Le Premier ministre Sébastien Lecornu a frappé fort mardi 16 juin, à la veille de VivaTech : six mesures concrètes pour généraliser l'intelligence artificielle dans l'ensemble des administrations françaises. Au programme, un agent conversationnel pour les fonctionnaires, des outils de traitement automatique des dossiers, et une volonté clairement affichée de faire de l'État un terrain d'expérimentation à grande échelle. La France envoie un signal : elle ne se contente plus de réguler l'IA, elle l'adopte.

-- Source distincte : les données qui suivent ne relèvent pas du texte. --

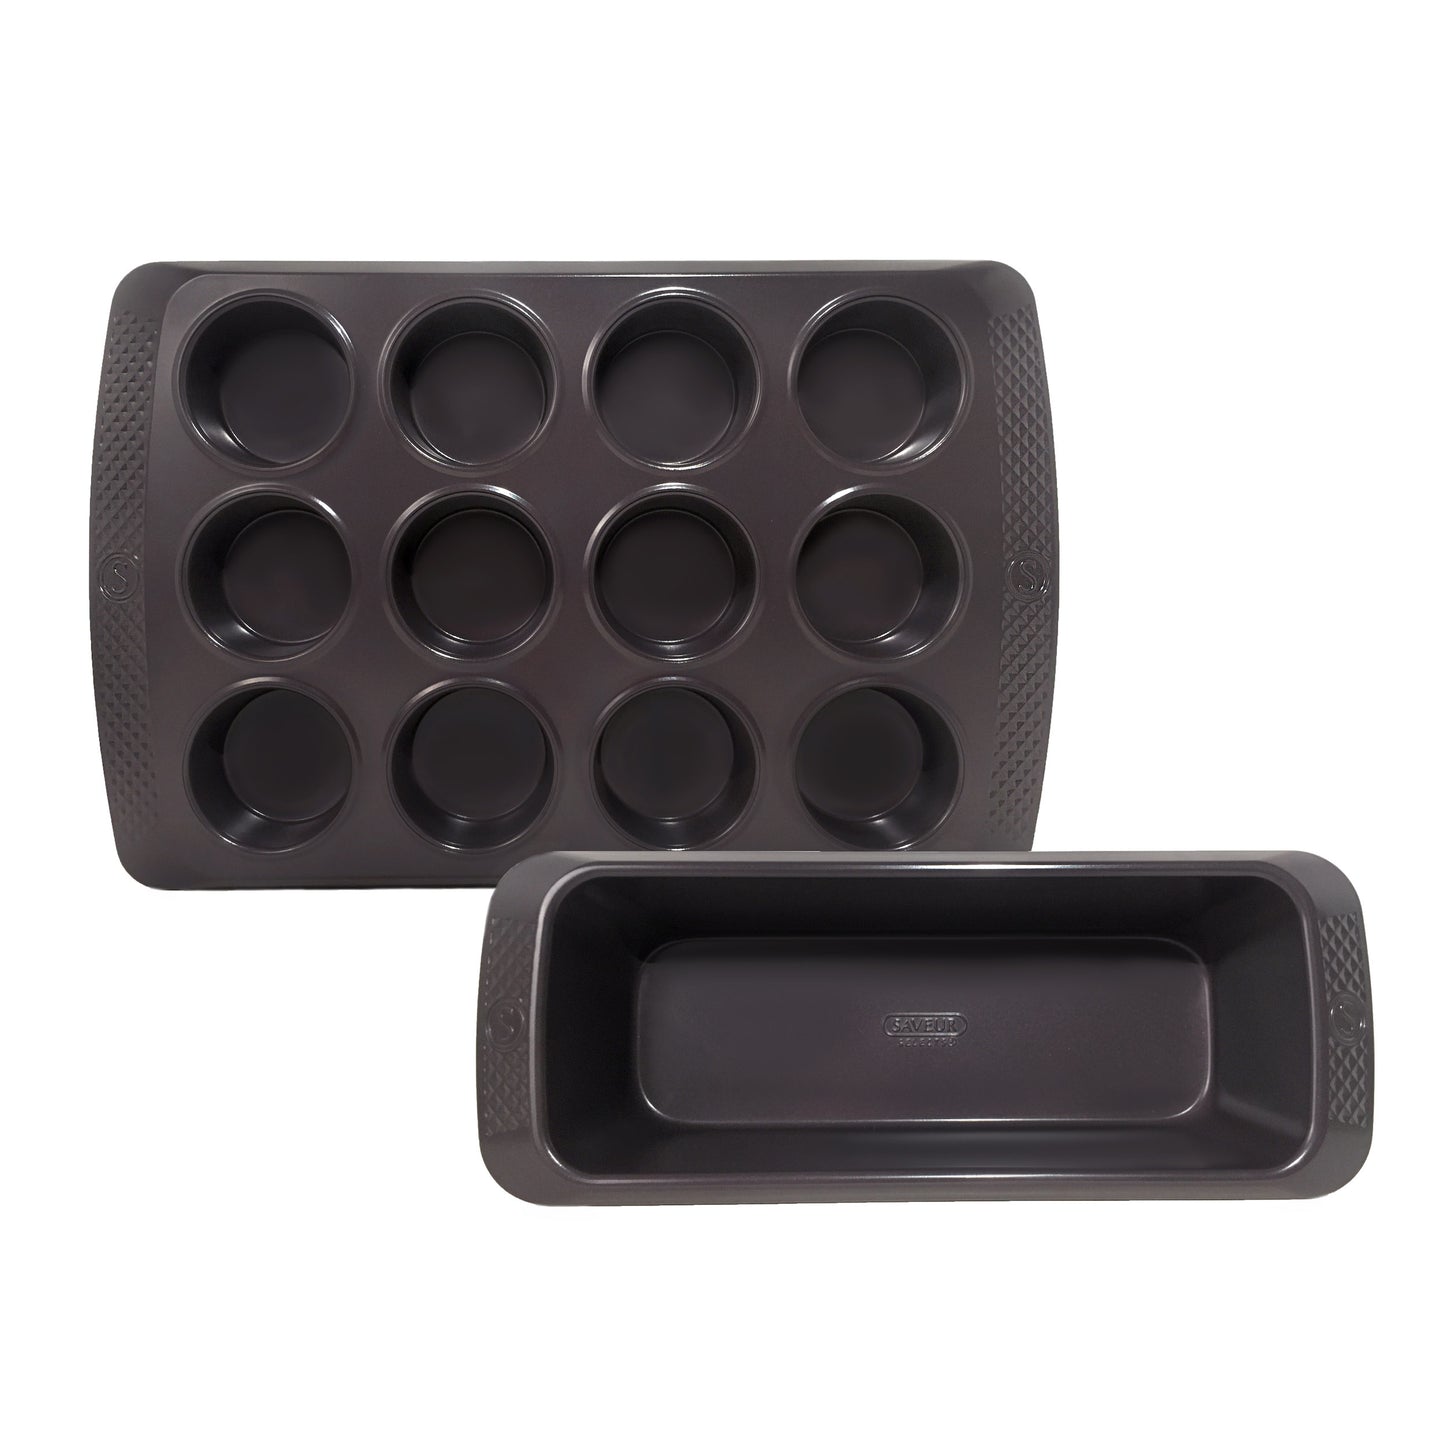 Loaf and Muffin Pan Bakeware Set

Dans le même temps, SpaceX a confirmé mardi son intention de racheter Cursor, l'éditeur de code assisté par IA développé par la startup Anysphere, pour 60 milliards de dollars en actions. L'opération survient quelques jours à peine après l'introduction fracassante de SpaceX au Nasdaq, qui lui avait permis de lever plus de 80 milliards de dollars vendredi dernier. Elon Musk s'offre ainsi un outil plébiscité par des millions de développeurs, consolidant son emprise sur les couches les plus productives de l'industrie tech.

Pendant ce temps, des documents financiers d'OpenAI révèlent une réalité moins reluisante : l'entreprise a consommé 3,7 milliards de dollars au premier trimestre 2026, soit plus de la moitié de ses 5,7 milliards de revenus sur la période. Ces chiffres, dévoilés alors qu'OpenAI prépare son entrée en bourse auprès de la SEC, ont triplé en un an. Qu'il s'agisse de gouvernements qui s'équipent, d'industriels qui consolident ou de laboratoires qui dépensent sans compter, l'IA reste avant tout une course où le capital est roi.